The Parliament (Qualification of Women) Act 1918, an Act of the Parliament of the United Kingdom, is given royal assent on November 21, 1918. It gives women over the age of 21 the right to stand for election as a Member of Parliament (MP). At 27 words, it is the shortest UK statute.
The Representation of the People Act 1918, passed on February 6, 1918, extends the franchise in parliamentary elections, also known as the right to vote, to women aged 30 and over who reside in the constituency or occupied land or premises with a rateable value above £5, or whose husbands do.
In March 1918, the Liberal Party MP for Keighley dies, causing a by-election on April 26. There is doubt as to whether women are eligible to stand for parliament. Nina Boyle makes known her intention to stand as a candidate for the Women’s Freedom League at Keighley and, if refused, to take the matter to the courts for a definitive ruling. After some consideration, the returning officer states that he is prepared to accept her nomination, thus establishing a precedent for women candidates. However, he rules her nomination papers invalid on other grounds: one of the signatories to her nomination is not on the electoral roll and another lives outside the constituency. The Lords of Appeal in Ordinary are asked to consider the matter and conclude that the Great Reform Act 1832 had specifically banned women from standing as parliamentary candidates and the Representation of the People Act had not changed that.
Parliament hurriedly passes the Parliament (Qualification of Women) Act in time to enable women to stand in the general election of December 1918. The act consists of only 27 operative words: “A woman shall not be disqualified by sex or marriage for being elected to or sitting or voting as a Member of the Commons House of Parliament.”
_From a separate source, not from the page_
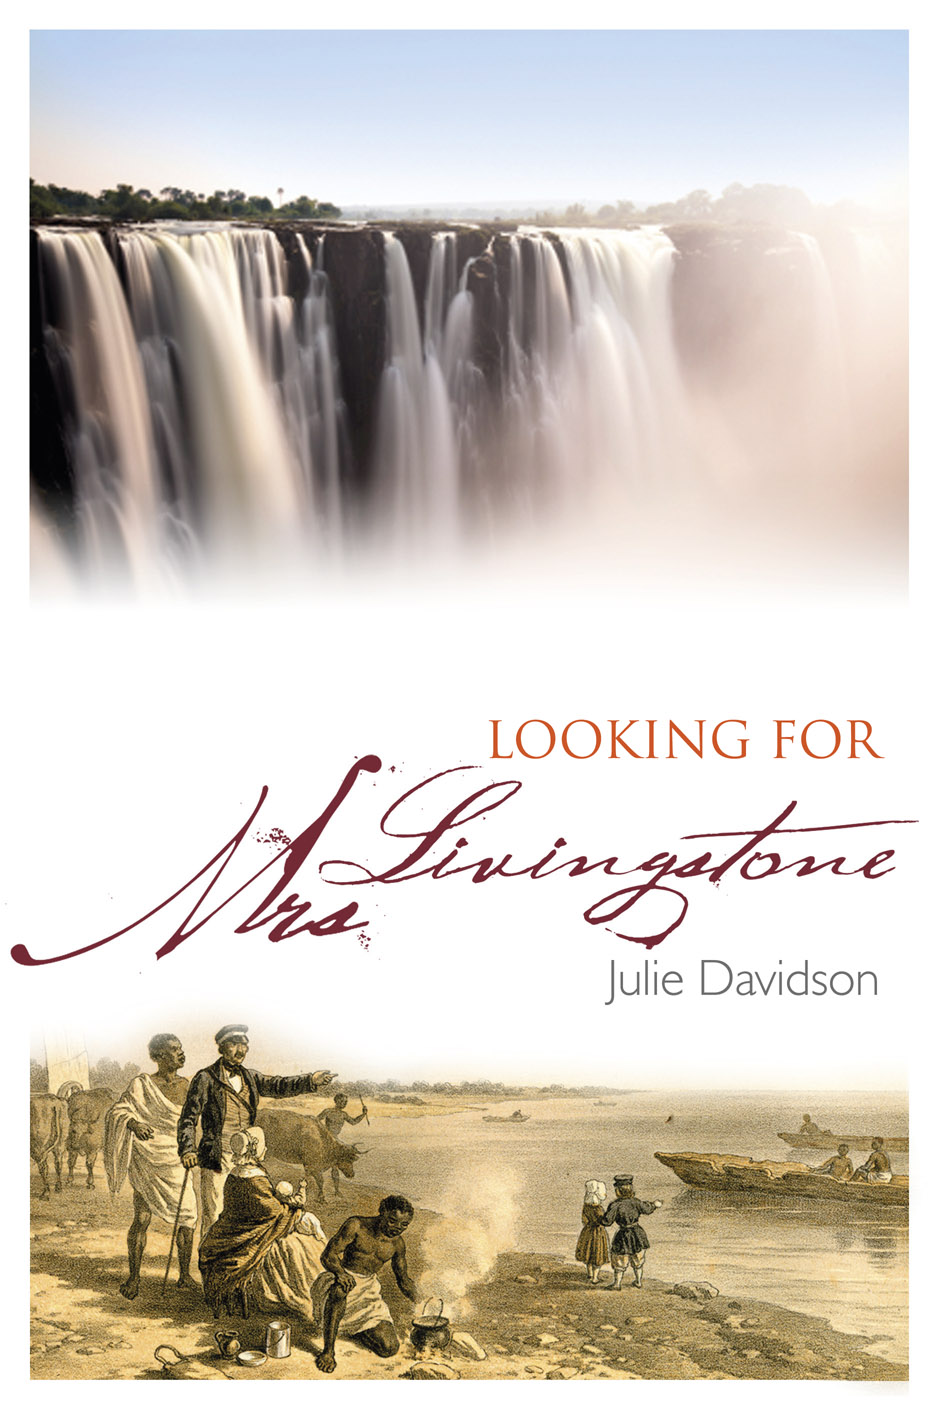 Looking for Mrs. Livingstone

In the December 14, 1918 election to the House of Commons, seventeen women candidates stand, among them well-known suffragette Christabel Pankhurst, representing the Women’s Party in Smethwick. The only woman elected is the Sinn Féin candidate for Dublin St. Patrick’s, Constance Markievicz. However, in line with Sinn Féin abstentionist policy, she does not take her seat.
The first woman to take her seat in the House of Commons is Nancy Astor on December 1, 1919. She is elected as a Coalition Conservative MP for Plymouth Sutton on November 28, 1919, taking the seat her husband had vacated.
As Members of Parliament, women also gain the right to become government ministers. The first woman to become a cabinet minister and Privy Council member is Margaret Bondfield who is Minister of Labour in the second MacDonald ministry (1929–1931).